All’uscita dal cantiere, Locke fa una svolta decisa: non torna a casa, fa una scommessa esistenziale che gli potrebbe costare la famiglia e il lavoro. L’ora e trenta del film corrisponde quasi esattamente al viaggio fino a Londra, che seguiamo continuamente nel chiuso dell’auto, con un unico attore.

Locke, impiegato nell’edilizia, gestirebbe la sua vita con la meticolosità e la precisione perfetta con cui alza edifici, ma la sua tragedia – in uno dei sensi più profondi del termine, quello di uno scontro assoluto fra due concezioni di vita opposte – come ogni tragedia presuppone un abbandono o una perdita, la mancanza del controllo umano, l’impossibilità di un ritorno.

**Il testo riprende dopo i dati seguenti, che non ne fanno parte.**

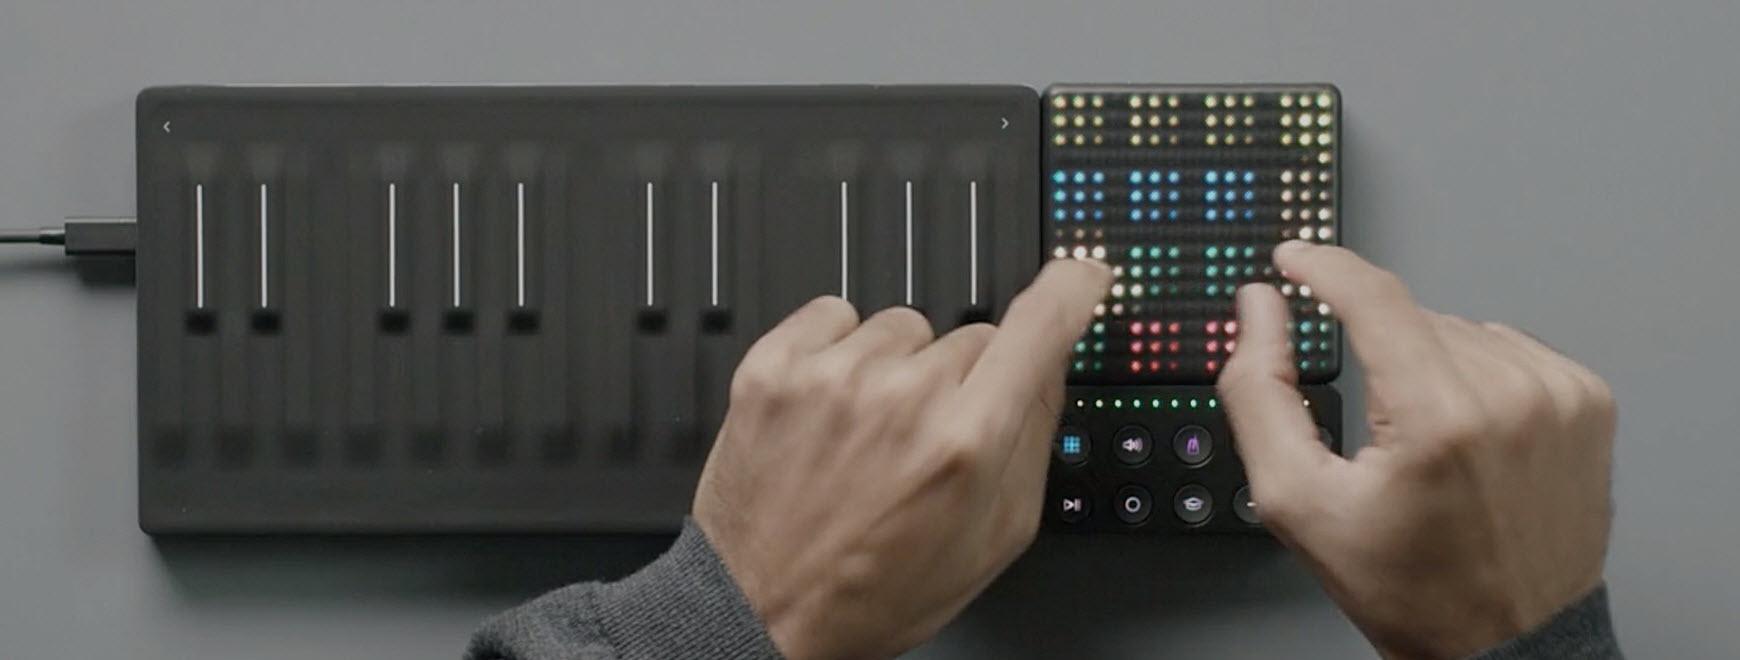 ROLI 发布全球首款与 GarageBand 深度集成的硬件控制器(视频)

L’automobile e la strada funzionano come delle zone di confine fra le quali si svolge un film tutto basato sul qui e ora, dall’auto percepiamo, immaginiamo i punti di partenza e di presunto arrivo del viaggio esistenziale di Locke nella tensione fra i richiami alla sua vita attuale – ora strazianti ora estenuanti – e la spinta verso un futuro di fuga da colpe genetiche.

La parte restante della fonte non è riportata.